=== Dataset section ===

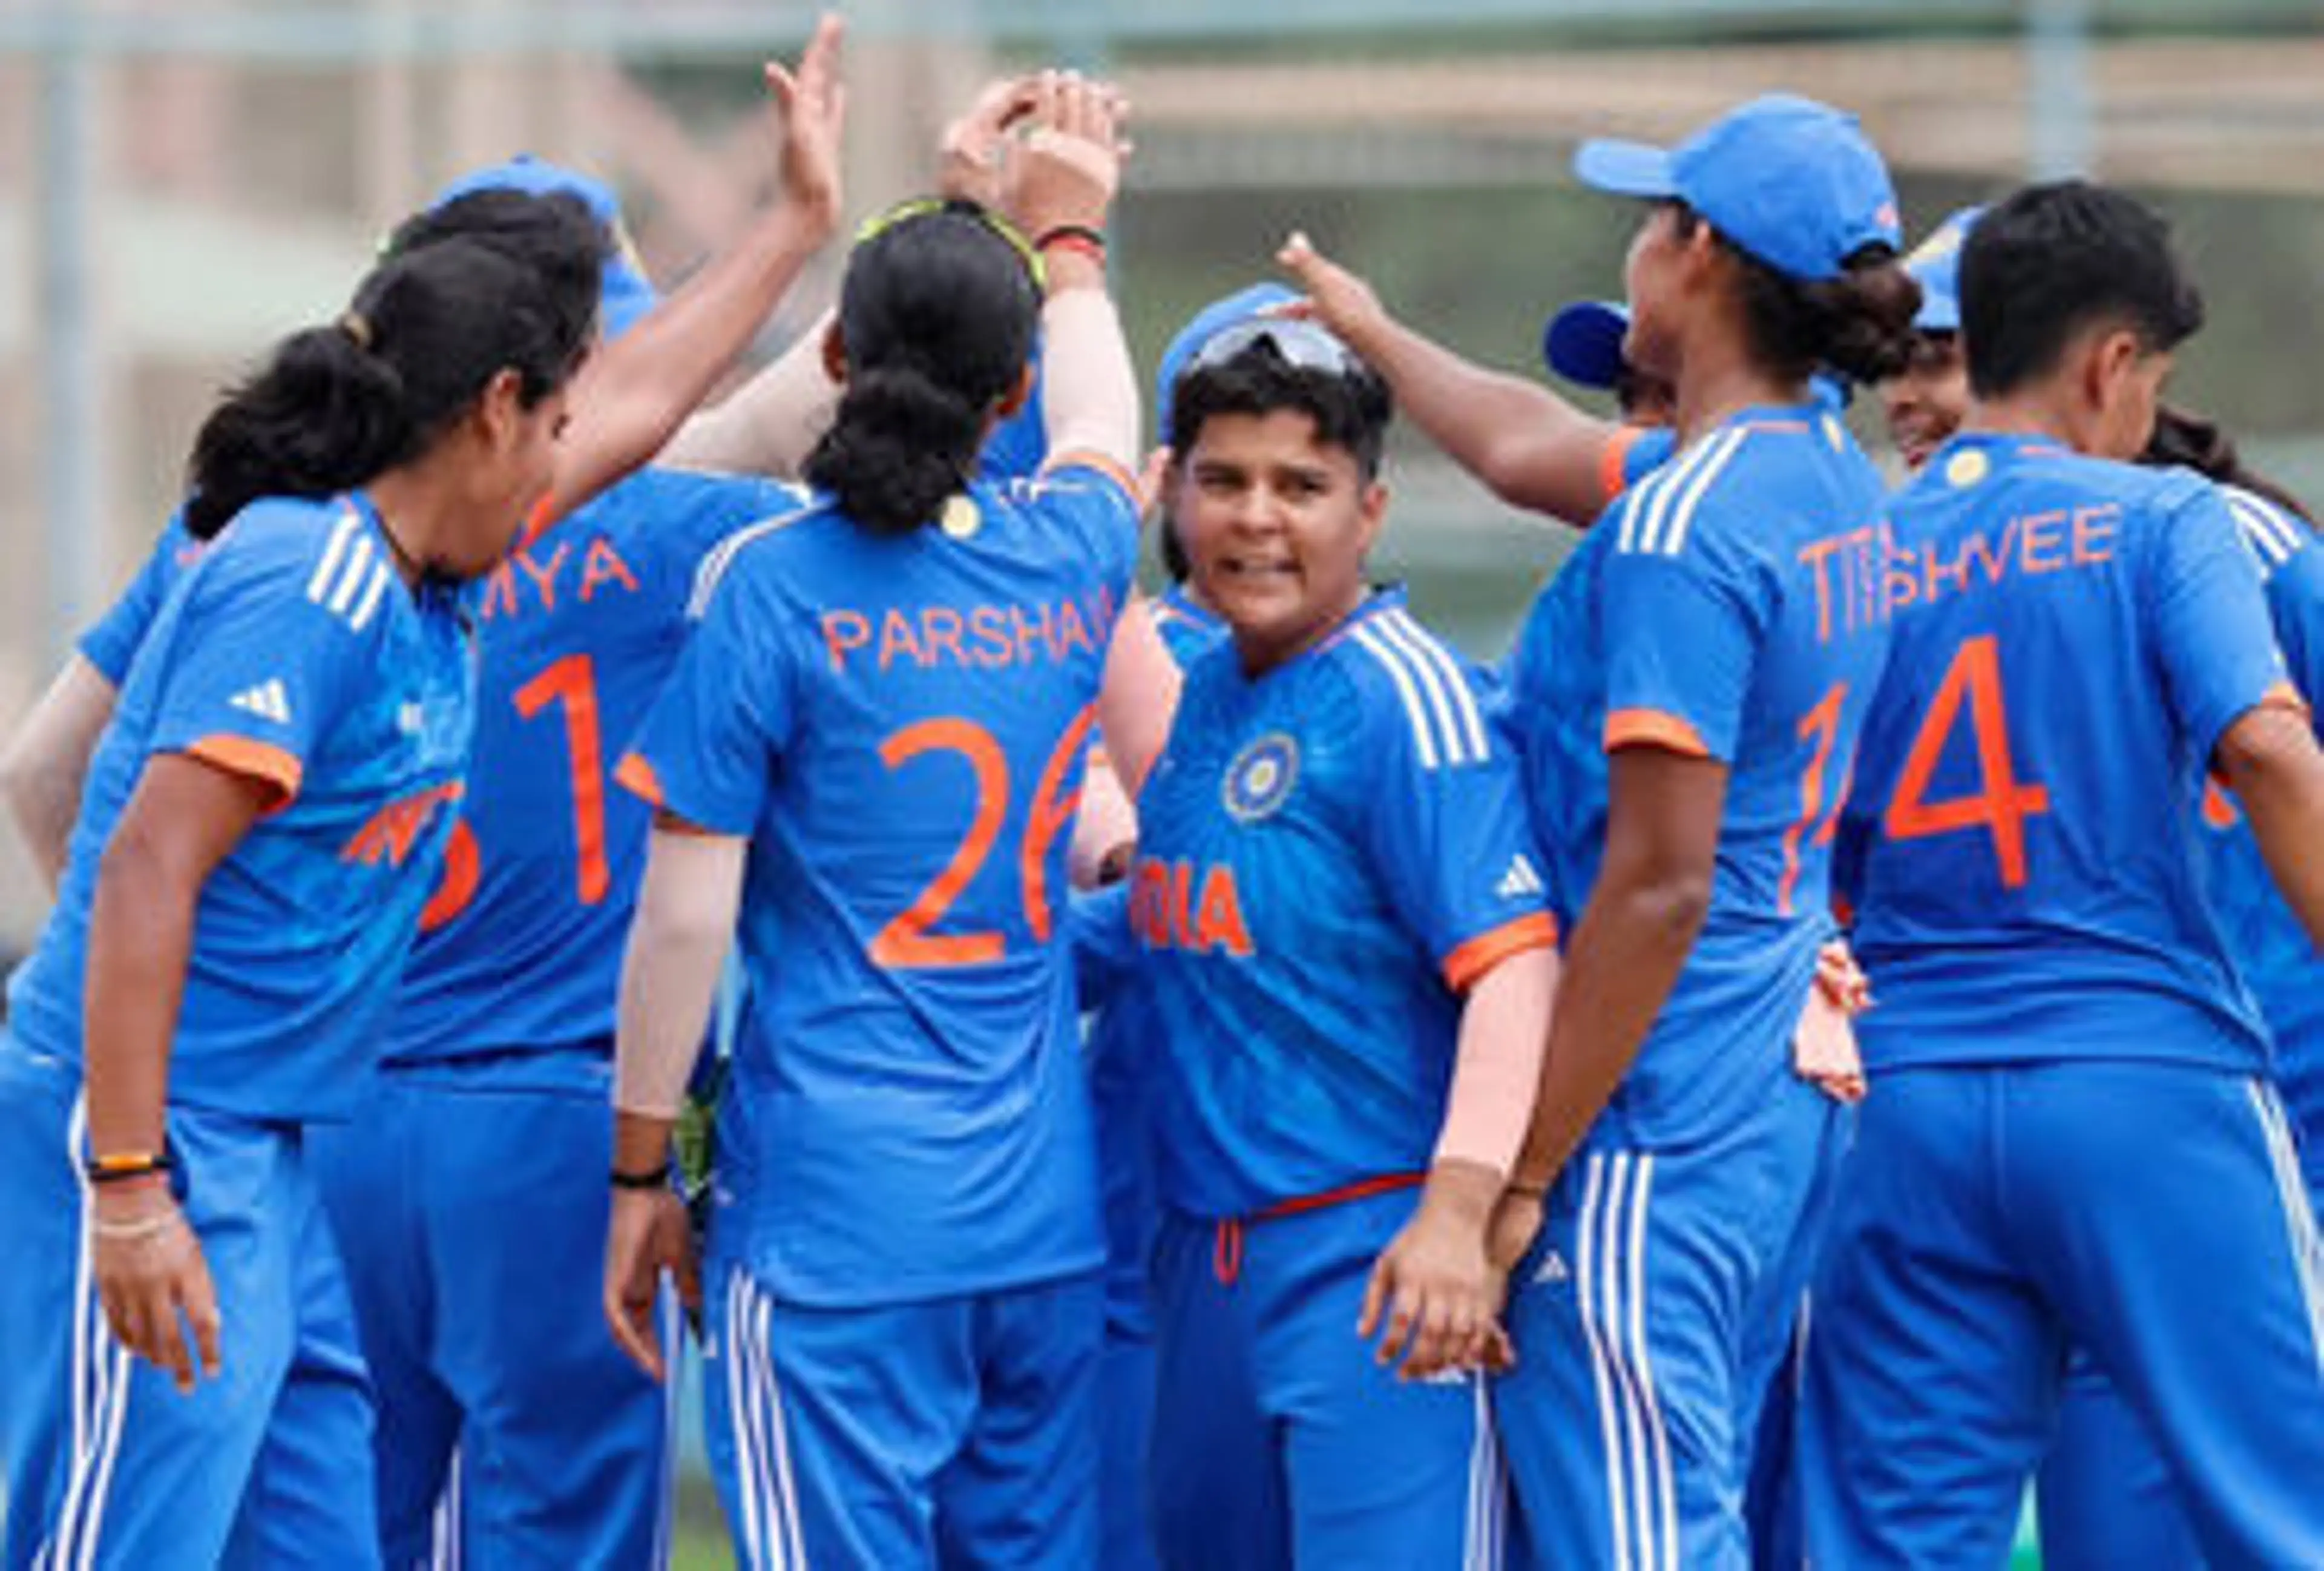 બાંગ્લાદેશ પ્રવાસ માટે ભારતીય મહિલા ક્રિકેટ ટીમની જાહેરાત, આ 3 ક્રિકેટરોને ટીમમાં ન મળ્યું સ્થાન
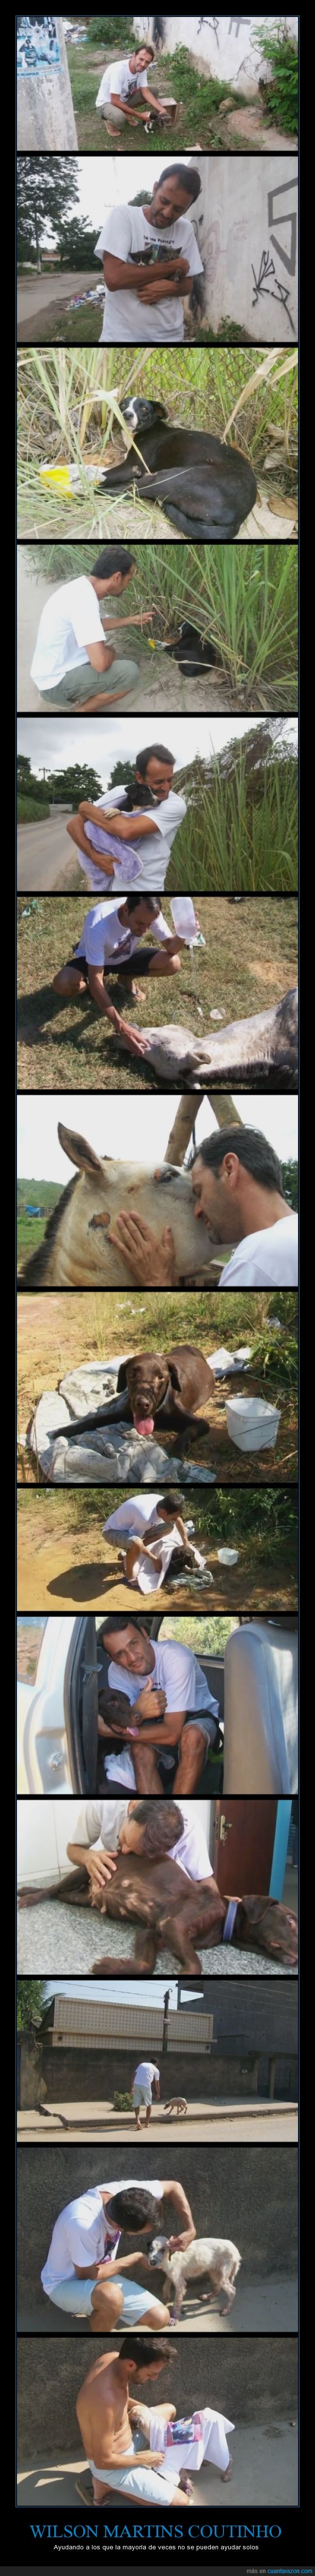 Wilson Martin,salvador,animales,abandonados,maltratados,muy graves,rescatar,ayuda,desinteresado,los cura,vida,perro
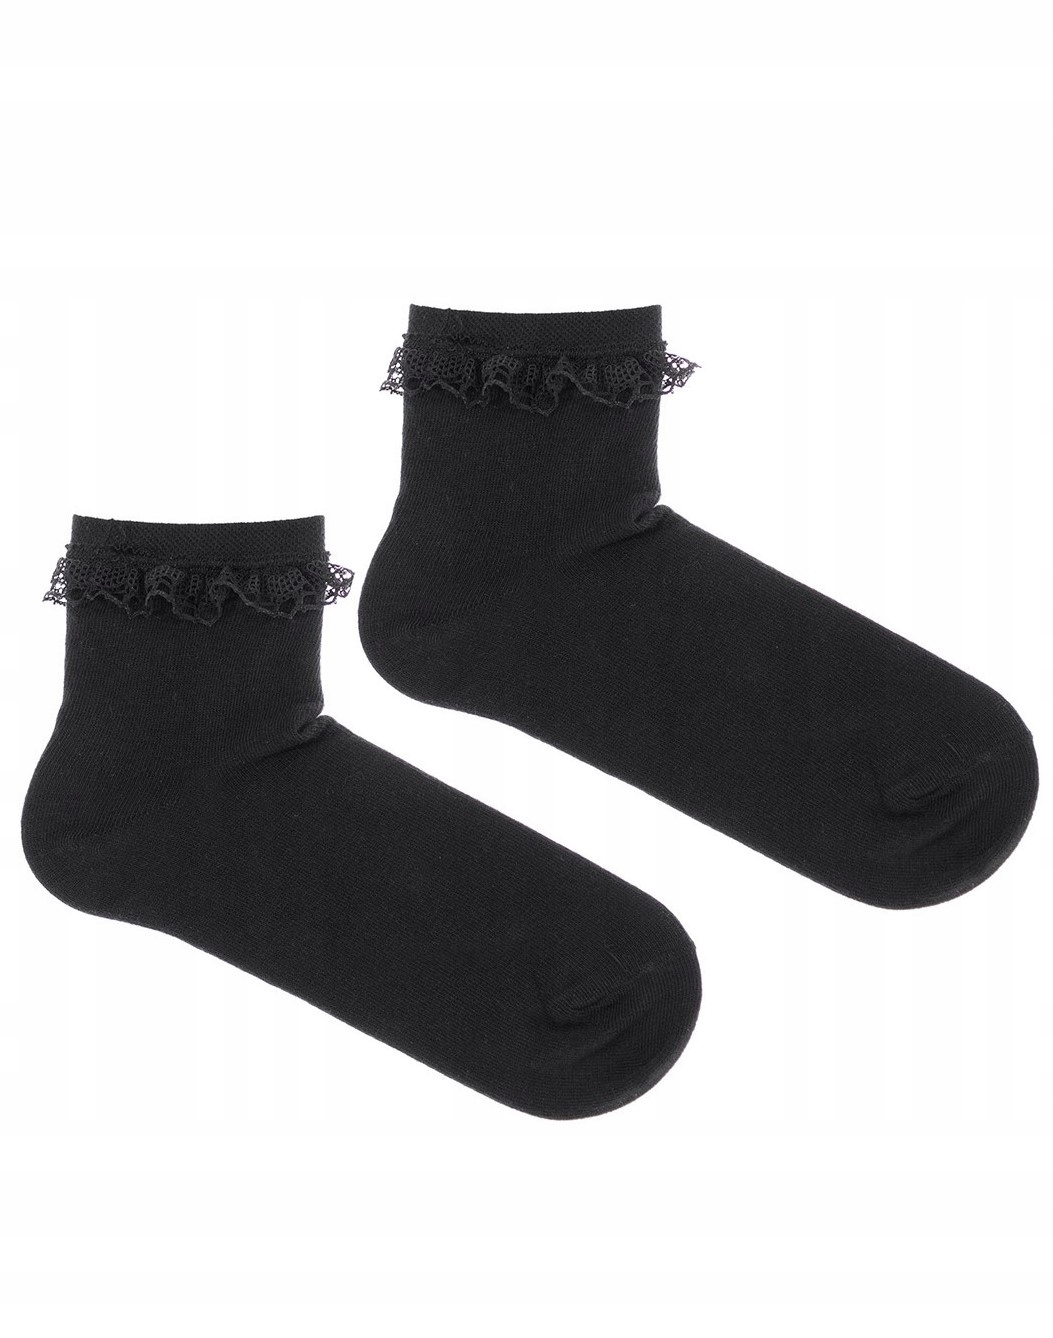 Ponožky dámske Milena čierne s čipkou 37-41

===

Print the material in full and exactly, minus the pictures.

 બાંગ્લાદેશ પ્રવાસ માટે ભારતીય મહિલા ક્રિકેટ ટીમની જાહેરાત, આ 3 ક્રિકેટરોને ટીમમાં ન મળ્યું સ્થાન
 Wilson Martin,salvador,animales,abandonados,maltratados,muy graves,rescatar,ayuda,desinteresado,los cura,vida,perro
 Ponožky dámske Milena čierne s čipkou 37-41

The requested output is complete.